По остывающим следам кинулись в Тамбов. Василий все бросил, все свои старые, военного времени знакомства напряг, но сумел, напросился-таки к ребятам из "безопаски" в компанию, съездили. Оказалось, заподозрил что-то Гречанинов - навязчивую и неумелую наружку, может, - успел сообщить о том по договоренному телефону и от слежки ушел, укрылся у однокашников своих, вроде как лучших по институту еще дружков. Те и сдали, когда следаки ФСБ по кругу знакомых пошли, и без наезда какого-то чрезвычайного сдали, чуть не добровольно: семья, мол, дети. Так один оправдывался, второго не нашли прознал о гостях и прятался где-то, да и не было уже смысла искать. Старшой из "безопаски" стал объяснять было тому, что ничем Гречанинов перед сраной Эрэфией не провинился, ордер-то на арест в прокуратуре не выписывали: "И что, у тебя семью, детей отняли бы? Или тебя, кормильца такого, у семьи?.." Молчал; а сказать ему, что, может, замучен уже Константин в кишиневских пыточных... но нельзя, да и зачем, кому? Скот - он и есть скот. Василий тогда небольно смазал ему по губам пальцами, проговорил: "Это от Кости тебе... под расчет. На другое разрешенья не получил, везет тебе..." Хотя сам знал, что ничего-то с ним делать не стал бы. Единственное, что хоть каким-то наказаньем могло стать, говорить запрещено было, чтоб себя на чужой территории не выдать, - о пыточных...

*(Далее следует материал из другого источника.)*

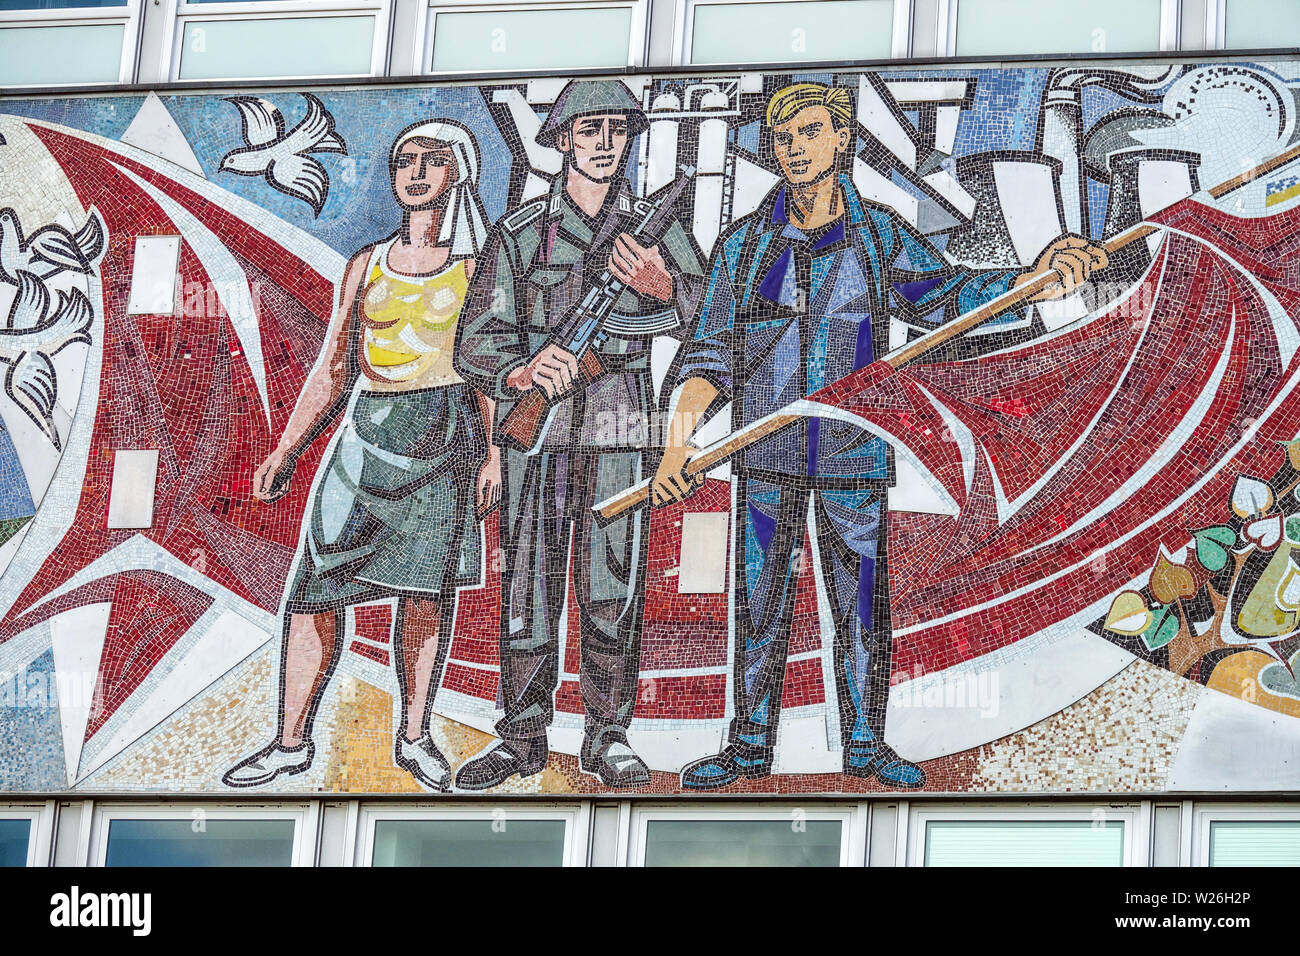 Mosaic of socialist realism art on a building 1960s Walter Womacka's work on facade Haus des Lehrers, Berlin Germany Communist art DDR propaganda Stock Photo

Смута русская - это когда все предали всех, сверху и донизу. Что-то вроде изначальной формулы это было у Гречанинова, вроде ответа - если не на все, то на многое. И демобилизованный в любом идейном отношении русский, говорил, это дрянь человек, хуже не знаю, не видел. Все тогда самое худшее вылезает из него на свет Божий, легализуется им самим по факту, и первое безответственность безбрежная, какую вечно он со свободой путает, с волей... И растолковывал: без идеи своей - религиозной, социальной, какой ли, но своей, - как без иммунитета он, а потому любая к нему зараза липнет, делай из него что хочешь тогда...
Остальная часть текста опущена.